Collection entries
================

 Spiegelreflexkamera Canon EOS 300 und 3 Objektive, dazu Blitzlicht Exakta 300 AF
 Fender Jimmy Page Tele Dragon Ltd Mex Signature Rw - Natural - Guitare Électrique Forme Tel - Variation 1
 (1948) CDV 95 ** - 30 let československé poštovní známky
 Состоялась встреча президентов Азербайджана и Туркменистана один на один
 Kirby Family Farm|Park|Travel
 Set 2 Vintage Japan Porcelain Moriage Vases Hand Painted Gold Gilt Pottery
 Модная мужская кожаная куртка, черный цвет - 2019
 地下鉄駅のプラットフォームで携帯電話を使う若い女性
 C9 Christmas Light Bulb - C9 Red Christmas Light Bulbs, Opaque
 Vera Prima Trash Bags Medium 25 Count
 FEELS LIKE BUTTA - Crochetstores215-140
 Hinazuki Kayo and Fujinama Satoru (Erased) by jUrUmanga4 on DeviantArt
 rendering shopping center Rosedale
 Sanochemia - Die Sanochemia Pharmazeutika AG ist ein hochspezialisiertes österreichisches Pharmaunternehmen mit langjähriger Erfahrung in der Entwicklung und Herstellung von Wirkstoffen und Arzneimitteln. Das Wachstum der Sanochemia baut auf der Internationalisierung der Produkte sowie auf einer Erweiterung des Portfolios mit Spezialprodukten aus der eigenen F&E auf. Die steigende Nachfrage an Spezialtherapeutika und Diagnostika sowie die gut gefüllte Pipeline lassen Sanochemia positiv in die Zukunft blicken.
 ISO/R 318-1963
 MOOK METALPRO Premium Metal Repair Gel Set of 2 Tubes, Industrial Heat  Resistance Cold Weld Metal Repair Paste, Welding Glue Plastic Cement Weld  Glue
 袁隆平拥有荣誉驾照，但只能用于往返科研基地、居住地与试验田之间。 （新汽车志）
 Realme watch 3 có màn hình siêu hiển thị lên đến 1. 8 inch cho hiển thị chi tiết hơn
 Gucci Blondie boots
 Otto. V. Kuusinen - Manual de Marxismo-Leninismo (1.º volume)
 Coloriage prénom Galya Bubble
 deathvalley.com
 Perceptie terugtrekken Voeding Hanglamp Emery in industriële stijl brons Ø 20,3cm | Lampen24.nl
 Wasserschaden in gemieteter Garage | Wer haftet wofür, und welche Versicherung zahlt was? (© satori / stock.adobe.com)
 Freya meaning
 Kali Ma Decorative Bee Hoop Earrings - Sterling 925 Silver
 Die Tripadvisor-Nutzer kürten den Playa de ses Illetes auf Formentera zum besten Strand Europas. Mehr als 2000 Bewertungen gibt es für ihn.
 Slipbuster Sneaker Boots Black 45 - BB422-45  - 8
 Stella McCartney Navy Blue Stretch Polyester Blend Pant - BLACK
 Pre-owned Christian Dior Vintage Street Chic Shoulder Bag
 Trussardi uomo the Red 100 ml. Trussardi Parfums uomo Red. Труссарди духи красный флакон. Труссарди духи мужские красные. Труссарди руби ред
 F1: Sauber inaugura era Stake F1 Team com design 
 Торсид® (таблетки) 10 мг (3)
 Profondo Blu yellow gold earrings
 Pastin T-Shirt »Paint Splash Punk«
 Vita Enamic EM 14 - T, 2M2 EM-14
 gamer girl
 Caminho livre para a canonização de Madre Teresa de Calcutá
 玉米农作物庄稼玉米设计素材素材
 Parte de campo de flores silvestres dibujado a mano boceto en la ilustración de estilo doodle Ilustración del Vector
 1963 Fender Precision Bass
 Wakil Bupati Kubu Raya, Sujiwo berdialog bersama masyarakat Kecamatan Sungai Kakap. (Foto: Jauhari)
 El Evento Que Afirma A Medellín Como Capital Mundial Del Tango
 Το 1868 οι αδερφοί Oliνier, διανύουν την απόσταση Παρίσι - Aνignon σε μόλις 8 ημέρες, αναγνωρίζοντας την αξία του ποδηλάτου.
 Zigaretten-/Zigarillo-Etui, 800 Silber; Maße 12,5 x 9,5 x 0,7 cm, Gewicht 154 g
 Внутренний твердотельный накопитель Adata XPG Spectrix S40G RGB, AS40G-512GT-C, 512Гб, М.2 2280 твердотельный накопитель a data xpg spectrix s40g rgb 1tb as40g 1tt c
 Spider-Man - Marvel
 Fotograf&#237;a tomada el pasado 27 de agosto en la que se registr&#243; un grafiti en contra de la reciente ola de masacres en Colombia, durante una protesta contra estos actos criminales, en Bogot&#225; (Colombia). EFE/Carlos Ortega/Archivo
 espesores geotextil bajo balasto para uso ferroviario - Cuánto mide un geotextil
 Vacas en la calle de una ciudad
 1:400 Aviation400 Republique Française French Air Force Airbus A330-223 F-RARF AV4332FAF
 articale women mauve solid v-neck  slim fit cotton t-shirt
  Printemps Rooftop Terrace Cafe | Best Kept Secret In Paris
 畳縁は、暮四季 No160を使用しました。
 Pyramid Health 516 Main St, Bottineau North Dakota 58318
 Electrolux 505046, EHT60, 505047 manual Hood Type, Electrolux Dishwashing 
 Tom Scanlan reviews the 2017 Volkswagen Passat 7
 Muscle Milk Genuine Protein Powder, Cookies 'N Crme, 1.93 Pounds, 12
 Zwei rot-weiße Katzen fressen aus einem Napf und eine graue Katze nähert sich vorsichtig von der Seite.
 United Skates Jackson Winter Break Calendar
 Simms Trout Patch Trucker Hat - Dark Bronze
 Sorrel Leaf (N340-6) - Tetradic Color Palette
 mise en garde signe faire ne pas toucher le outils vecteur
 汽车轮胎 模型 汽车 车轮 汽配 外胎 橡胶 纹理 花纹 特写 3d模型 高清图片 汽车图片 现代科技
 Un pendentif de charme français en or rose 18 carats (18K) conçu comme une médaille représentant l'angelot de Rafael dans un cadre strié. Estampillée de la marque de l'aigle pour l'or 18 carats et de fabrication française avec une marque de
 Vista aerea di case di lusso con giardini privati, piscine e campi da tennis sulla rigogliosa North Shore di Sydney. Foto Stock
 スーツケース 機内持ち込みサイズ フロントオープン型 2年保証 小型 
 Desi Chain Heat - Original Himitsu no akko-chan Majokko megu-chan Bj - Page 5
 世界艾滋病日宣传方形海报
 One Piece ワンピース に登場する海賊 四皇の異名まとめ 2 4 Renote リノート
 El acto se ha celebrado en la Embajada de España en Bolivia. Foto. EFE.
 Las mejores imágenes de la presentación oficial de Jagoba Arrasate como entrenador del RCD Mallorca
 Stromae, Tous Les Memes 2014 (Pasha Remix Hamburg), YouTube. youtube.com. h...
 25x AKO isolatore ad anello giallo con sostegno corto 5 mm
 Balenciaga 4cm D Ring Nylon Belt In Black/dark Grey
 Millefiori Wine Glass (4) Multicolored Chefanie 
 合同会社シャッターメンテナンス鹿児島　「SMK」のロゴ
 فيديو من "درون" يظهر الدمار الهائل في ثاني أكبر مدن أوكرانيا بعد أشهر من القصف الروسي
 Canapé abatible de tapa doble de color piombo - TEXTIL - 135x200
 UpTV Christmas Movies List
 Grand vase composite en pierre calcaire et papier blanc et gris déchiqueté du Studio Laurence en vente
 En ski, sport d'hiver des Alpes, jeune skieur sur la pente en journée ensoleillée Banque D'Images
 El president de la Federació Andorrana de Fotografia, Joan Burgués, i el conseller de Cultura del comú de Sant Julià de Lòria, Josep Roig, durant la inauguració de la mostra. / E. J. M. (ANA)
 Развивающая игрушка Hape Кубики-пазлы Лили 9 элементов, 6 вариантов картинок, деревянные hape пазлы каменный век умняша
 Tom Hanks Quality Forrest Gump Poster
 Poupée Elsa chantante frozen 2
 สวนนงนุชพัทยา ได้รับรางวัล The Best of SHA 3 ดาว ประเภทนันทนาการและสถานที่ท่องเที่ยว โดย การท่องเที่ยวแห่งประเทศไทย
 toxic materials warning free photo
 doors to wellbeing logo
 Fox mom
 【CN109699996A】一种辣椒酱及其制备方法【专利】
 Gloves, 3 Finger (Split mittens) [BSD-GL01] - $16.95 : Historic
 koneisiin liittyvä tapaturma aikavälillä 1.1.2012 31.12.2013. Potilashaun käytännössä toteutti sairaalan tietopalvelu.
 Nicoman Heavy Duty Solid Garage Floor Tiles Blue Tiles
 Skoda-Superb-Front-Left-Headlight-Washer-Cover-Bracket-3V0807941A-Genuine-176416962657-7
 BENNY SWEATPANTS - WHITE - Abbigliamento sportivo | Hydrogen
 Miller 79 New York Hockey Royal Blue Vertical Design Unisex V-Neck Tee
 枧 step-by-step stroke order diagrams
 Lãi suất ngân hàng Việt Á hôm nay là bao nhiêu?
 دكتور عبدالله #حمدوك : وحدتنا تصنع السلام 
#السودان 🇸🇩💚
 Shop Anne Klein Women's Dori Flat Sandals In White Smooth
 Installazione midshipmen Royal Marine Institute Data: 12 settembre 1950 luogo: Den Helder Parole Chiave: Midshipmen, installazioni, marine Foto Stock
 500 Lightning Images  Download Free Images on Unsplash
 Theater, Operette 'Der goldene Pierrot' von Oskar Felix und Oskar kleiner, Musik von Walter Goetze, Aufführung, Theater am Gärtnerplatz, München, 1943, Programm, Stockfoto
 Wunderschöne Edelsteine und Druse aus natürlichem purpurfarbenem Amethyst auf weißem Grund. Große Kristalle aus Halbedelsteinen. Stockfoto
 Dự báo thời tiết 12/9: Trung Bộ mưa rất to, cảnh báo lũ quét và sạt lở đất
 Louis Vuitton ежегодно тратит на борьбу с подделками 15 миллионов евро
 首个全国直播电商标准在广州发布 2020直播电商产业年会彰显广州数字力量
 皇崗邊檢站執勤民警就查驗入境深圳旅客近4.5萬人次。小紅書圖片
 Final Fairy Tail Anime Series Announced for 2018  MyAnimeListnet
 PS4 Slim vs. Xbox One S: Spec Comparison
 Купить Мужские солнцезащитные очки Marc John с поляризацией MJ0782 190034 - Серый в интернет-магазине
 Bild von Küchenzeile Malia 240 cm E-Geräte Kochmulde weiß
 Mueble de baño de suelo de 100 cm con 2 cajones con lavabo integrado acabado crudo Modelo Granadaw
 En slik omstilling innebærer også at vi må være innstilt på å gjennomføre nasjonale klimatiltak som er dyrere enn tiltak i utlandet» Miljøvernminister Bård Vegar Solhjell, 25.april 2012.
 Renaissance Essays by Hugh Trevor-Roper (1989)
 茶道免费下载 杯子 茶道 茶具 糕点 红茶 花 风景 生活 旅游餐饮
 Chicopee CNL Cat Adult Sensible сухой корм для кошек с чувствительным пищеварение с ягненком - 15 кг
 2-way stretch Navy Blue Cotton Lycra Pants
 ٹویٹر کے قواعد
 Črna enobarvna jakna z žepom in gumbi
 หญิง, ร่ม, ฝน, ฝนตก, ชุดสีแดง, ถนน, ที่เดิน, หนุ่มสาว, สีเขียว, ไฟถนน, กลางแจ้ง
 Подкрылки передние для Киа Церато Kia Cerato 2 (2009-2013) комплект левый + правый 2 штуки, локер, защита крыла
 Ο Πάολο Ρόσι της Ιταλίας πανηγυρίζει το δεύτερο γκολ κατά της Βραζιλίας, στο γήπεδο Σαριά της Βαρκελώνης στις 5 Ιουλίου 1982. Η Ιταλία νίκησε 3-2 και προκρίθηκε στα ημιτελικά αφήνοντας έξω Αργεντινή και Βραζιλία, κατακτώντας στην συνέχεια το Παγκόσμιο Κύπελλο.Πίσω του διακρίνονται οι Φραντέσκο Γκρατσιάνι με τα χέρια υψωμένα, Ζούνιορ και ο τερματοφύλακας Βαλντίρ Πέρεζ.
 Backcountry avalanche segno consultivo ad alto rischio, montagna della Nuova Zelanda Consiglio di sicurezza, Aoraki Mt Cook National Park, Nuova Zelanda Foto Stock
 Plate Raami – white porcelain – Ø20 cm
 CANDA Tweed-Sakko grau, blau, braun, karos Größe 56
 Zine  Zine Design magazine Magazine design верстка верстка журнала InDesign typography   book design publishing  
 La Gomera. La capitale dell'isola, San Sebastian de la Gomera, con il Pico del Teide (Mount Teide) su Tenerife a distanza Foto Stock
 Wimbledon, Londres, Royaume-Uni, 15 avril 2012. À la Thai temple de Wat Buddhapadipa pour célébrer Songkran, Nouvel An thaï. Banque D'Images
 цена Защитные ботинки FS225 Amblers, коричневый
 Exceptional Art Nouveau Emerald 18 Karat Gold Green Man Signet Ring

================

• Task goal
Which lines above run from the one containing "koneisiin liittyvä tapaturma" to the one containing "Dự báo thời"? Give them again exactly, both ends included.

• Final answer
 koneisiin liittyvä tapaturma aikavälillä 1.1.2012 31.12.2013. Potilashaun käytännössä toteutti sairaalan tietopalvelu.
 Nicoman Heavy Duty Solid Garage Floor Tiles Blue Tiles
 Skoda-Superb-Front-Left-Headlight-Washer-Cover-Bracket-3V0807941A-Genuine-176416962657-7
 BENNY SWEATPANTS - WHITE - Abbigliamento sportivo | Hydrogen
 Miller 79 New York Hockey Royal Blue Vertical Design Unisex V-Neck Tee
 枧 step-by-step stroke order diagrams
 Lãi suất ngân hàng Việt Á hôm nay là bao nhiêu?
 دكتور عبدالله #حمدوك : وحدتنا تصنع السلام 
#السودان 🇸🇩💚
 Shop Anne Klein Women's Dori Flat Sandals In White Smooth
 Installazione midshipmen Royal Marine Institute Data: 12 settembre 1950 luogo: Den Helder Parole Chiave: Midshipmen, installazioni, marine Foto Stock
 500 Lightning Images  Download Free Images on Unsplash
 Theater, Operette 'Der goldene Pierrot' von Oskar Felix und Oskar kleiner, Musik von Walter Goetze, Aufführung, Theater am Gärtnerplatz, München, 1943, Programm, Stockfoto
 Wunderschöne Edelsteine und Druse aus natürlichem purpurfarbenem Amethyst auf weißem Grund. Große Kristalle aus Halbedelsteinen. Stockfoto
 Dự báo thời tiết 12/9: Trung Bộ mưa rất to, cảnh báo lũ quét và sạt lở đất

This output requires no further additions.